Les organisations syndicales sont appelées à prouver leur représentativité d’ici le 31 mars. Ce délai n’a été communiqué que le 8 mars aux syndicats.

Toutes les organisations syndicales doivent faire parvenir les informations sur les éléments permettant d’apprécier la représentativité de leur organisation syndicale.

Et inscrire leurs renseignements sur l’application informatique sous Excel à télécharger sur le site officiel du ministère du Travail. Ce dernier transmettra, par la suite, un CD-ROM aux organisations syndicales de travailleurs et d’employeurs, à l’effet de renseigner cette application informatique.

Par ailleurs, les organisations syndicales, qui ne produiront pas les éléments d’appréciation de la représentativité dans les délais réglementaires, peuvent être considérées non représentatives, conformément aux dispositions de l’article 37 bis de la loi n°90-14, a précisé le département de Mourad Zemali.

Les syndicats s’interrogent sur les motivations de cette « opération bureaucratique», d’autant que ces procédures sont effectuées, conformément aux textes en vigueur, depuis des années. Il est exigé 20% de représentativité pour un syndicat pour pouvoir être associé dans des négociations, « mais c’est le gouvernement qui bafoue cet article en négociant des textes et des dispositions avec des syndicats fantoches qui n’ont aucune assise sur le terrain», affirme le Dr Merabet.

Empêcher les grèves

Des syndicats de l’éducation considèrent que la procédure de M. Zemali pour quantifier la représentativité des organisations syndicats engagera le gouvernement et les syndicats « dans une guerre des chiffres inutile», selon Idir Achour, porte-parole du Conseil des lycées d’Algérie, qui estime que le taux de 20% de représentativité exigé en Algérie « est exagéré».

Au Maroc, ce taux est de 6%, en Tunisie, il est de 10% et en France, il de 5%, souligne M. Achour ; relevant la contradiction dans les dispositions du code du travail « qui prétend d’un côté la liberté de création de syndicats, et freine d’une autre la participation à tout débat sur les questions concernant directement les travailleurs».

Meziane Meriane, coordinateur national du Snapest, s’interroge également sur les motivations réelles du ministère, sachant que les organisations syndicales se sont conformées à la législation « volontairement».

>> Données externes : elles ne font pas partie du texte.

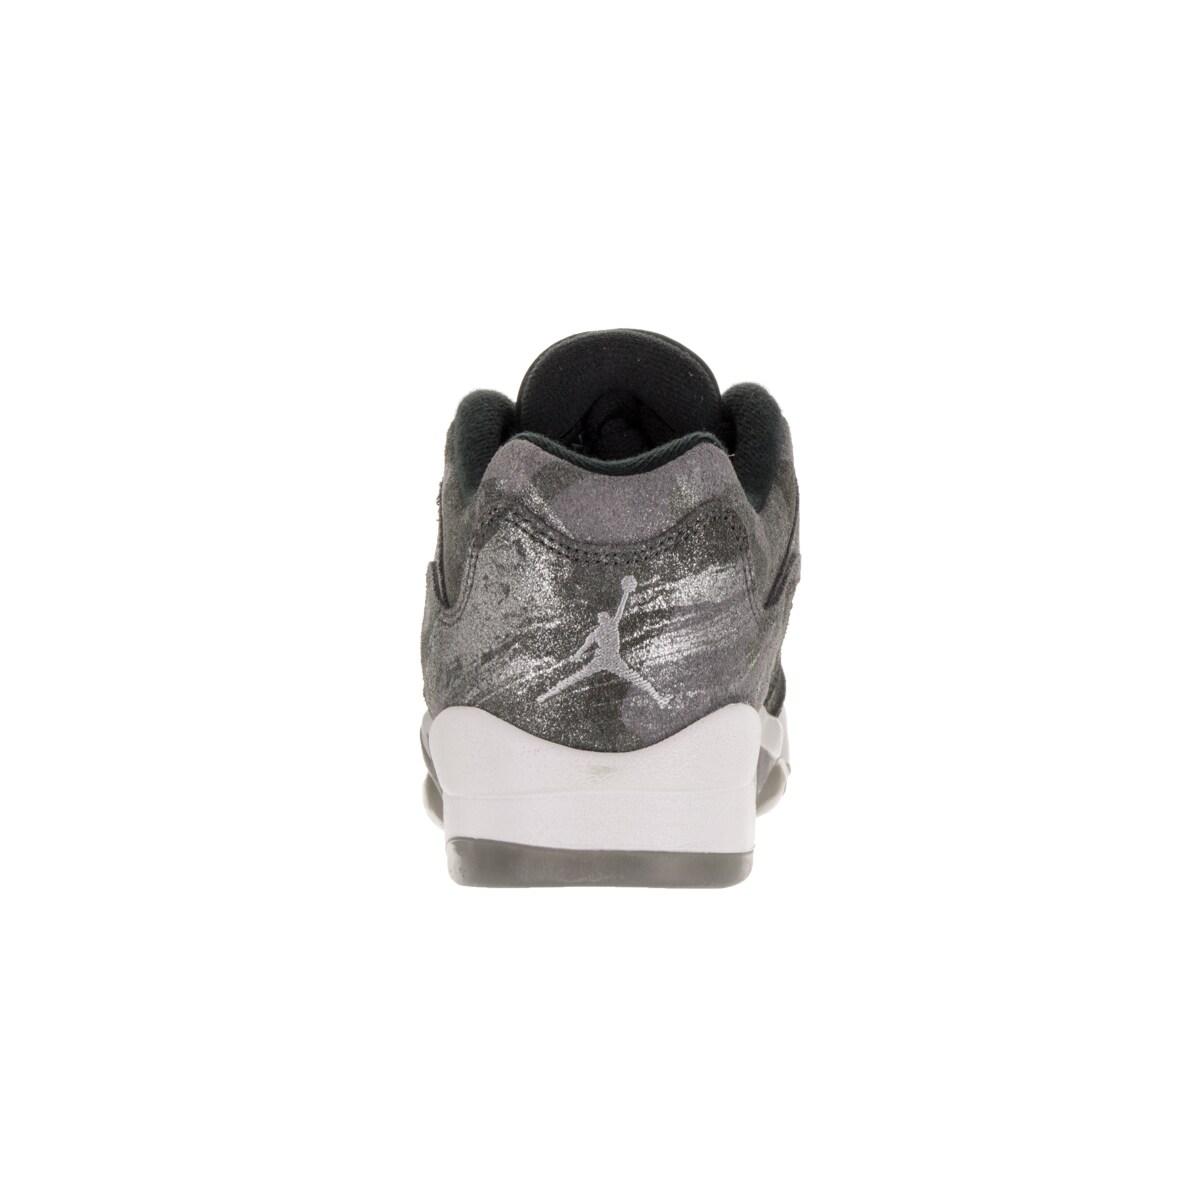 new style 70599 d969b Shop Nike Jordan Kid s Air Jordan 5 Retro Prem Low Gg Cool Grey Wolf Grey White Black  Basketball Shoe - Free Shipping Today - - 12322358

Et, ajoute M. Meriane, « ce n’est pas l’entrave de la liberté d’exercice syndical, que cache cette nouvelle procédure exigée par le département du Travail, qui mettra fin aux grèves ni aux mouvements de protestations, objectifs réels du gouvernement».

Le Conseil national autonome du personnel enseignant du secteur ternaire de l’éducation (Cnapeste) dénonce « l’acharnement» du gouvernement. « L’appel renouvelé à maintes reprises vise en fait le Cnapeste qui menace de reprendre la grève», souligne le premier responsable de ce syndicat, Salim Ouilha.

Ce syndicat estime que le gouvernement cherche à dresser des difficultés devant le Cnapeste dans sa démarche de réunir tous les renseignements concernant les adhérents au syndicat et la réalisation du fichier demandé. « L’objectif visé est d’empêcher le Cnapeste de déclencher sa nouvelle grève du 9 avril, dont le préavis a été déposé hier», souligne Salim Ouilha.